→ WORK ITEM
A verbatim restatement of the data, free of pictures, is what you should output.

→ COLLECTED DATA
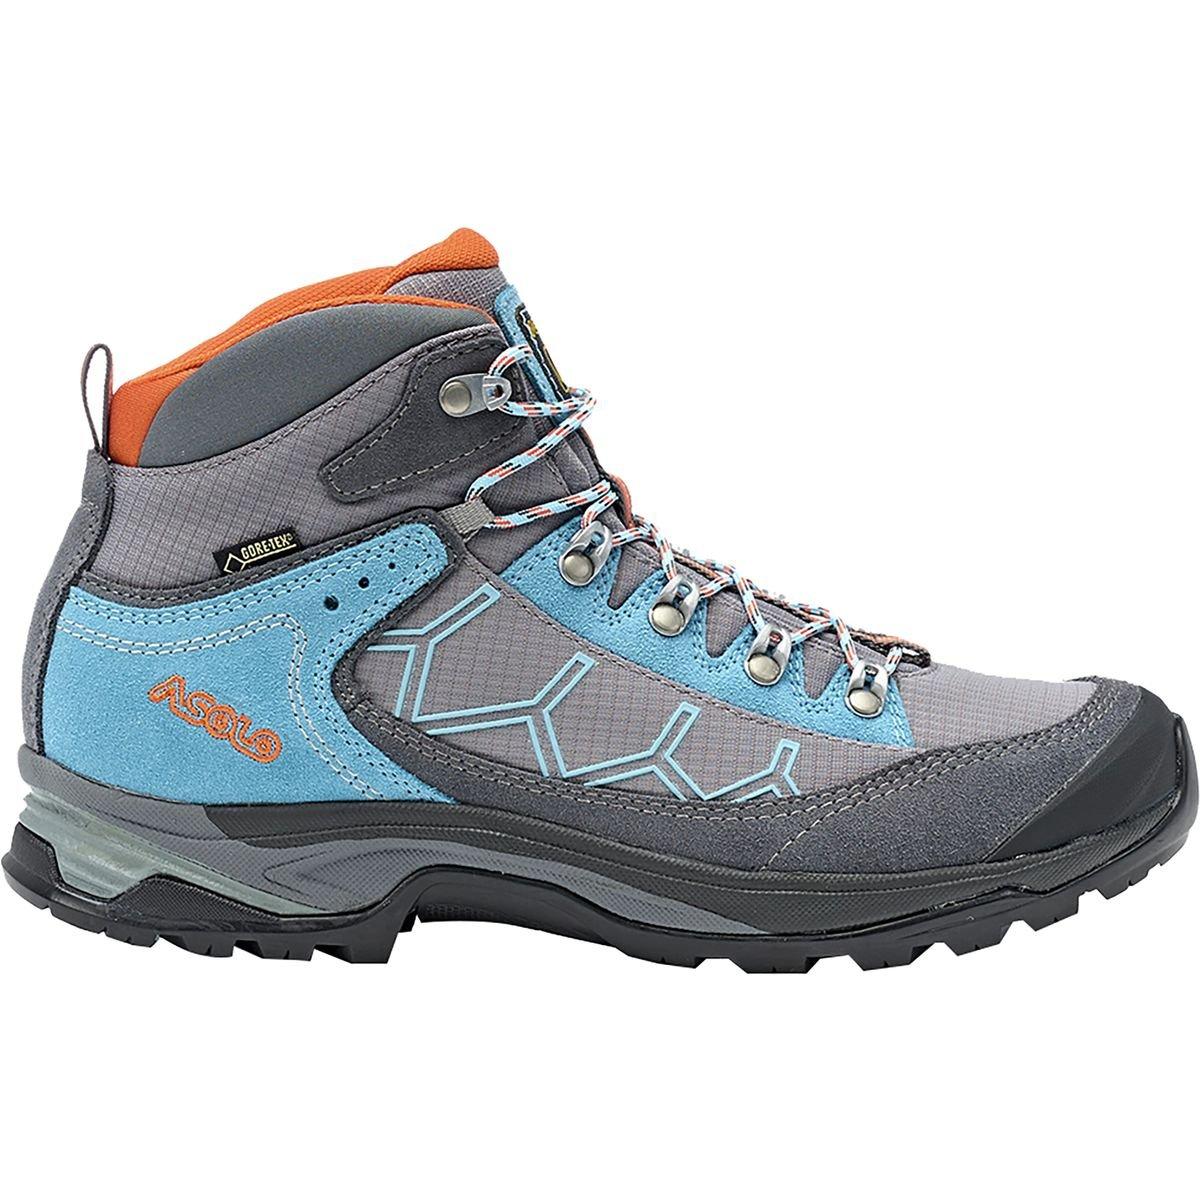 Asolo Women Falcon GV Hiking Boots B00WE3K4T8 6|GREY/STONE
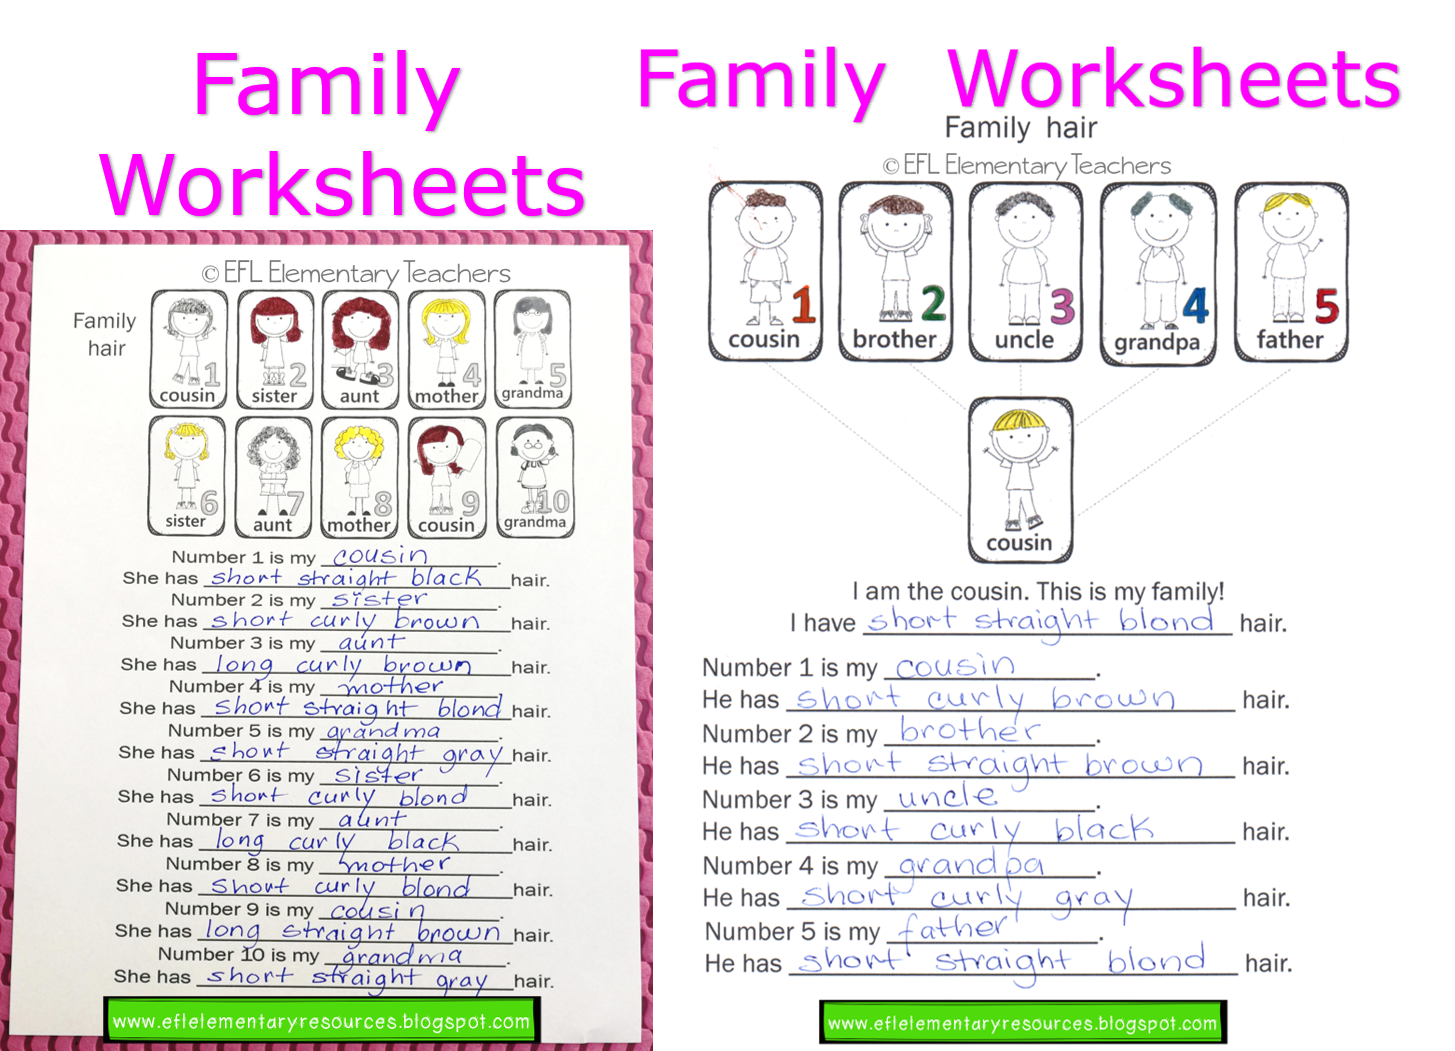 Efl Elementary Teachers Family Adjectives And Body Parts
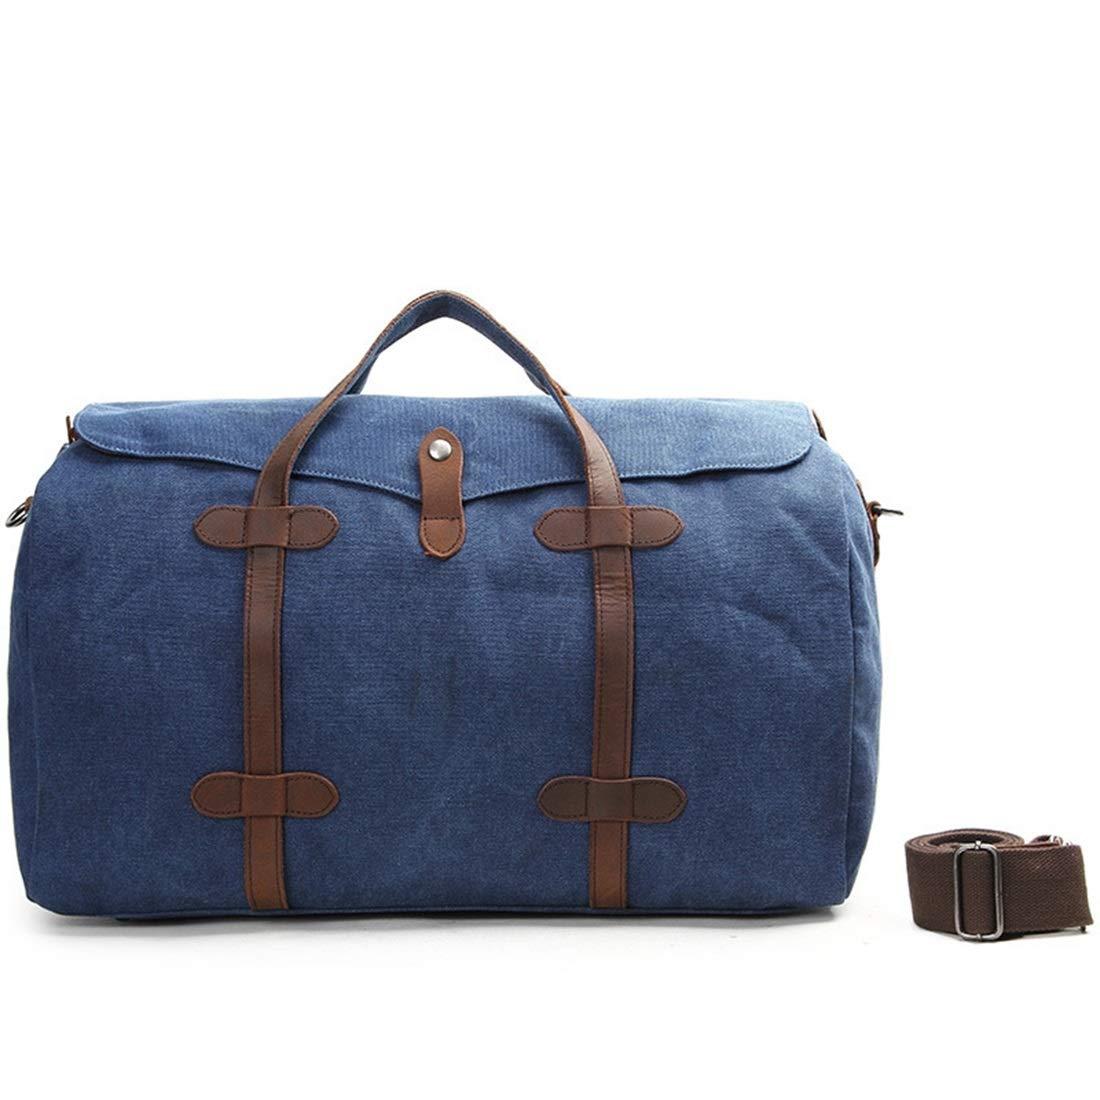 Linannau ハンドメイドキャンバススローン手荷物バッグメンズハンドトラベルバッグウィークエンドバッグ大容量 (Color : Royal blue) B07MMGM2YD Royal blue

→ RESULT OF THIS EXERCISE
 Asolo Women Falcon GV Hiking Boots B00WE3K4T8 6|GREY/STONE
 Efl Elementary Teachers Family Adjectives And Body Parts
 Linannau ハンドメイドキャンバススローン手荷物バッグメンズハンドトラベルバッグウィークエンドバッグ大容量 (Color : Royal blue) B07MMGM2YD Royal blue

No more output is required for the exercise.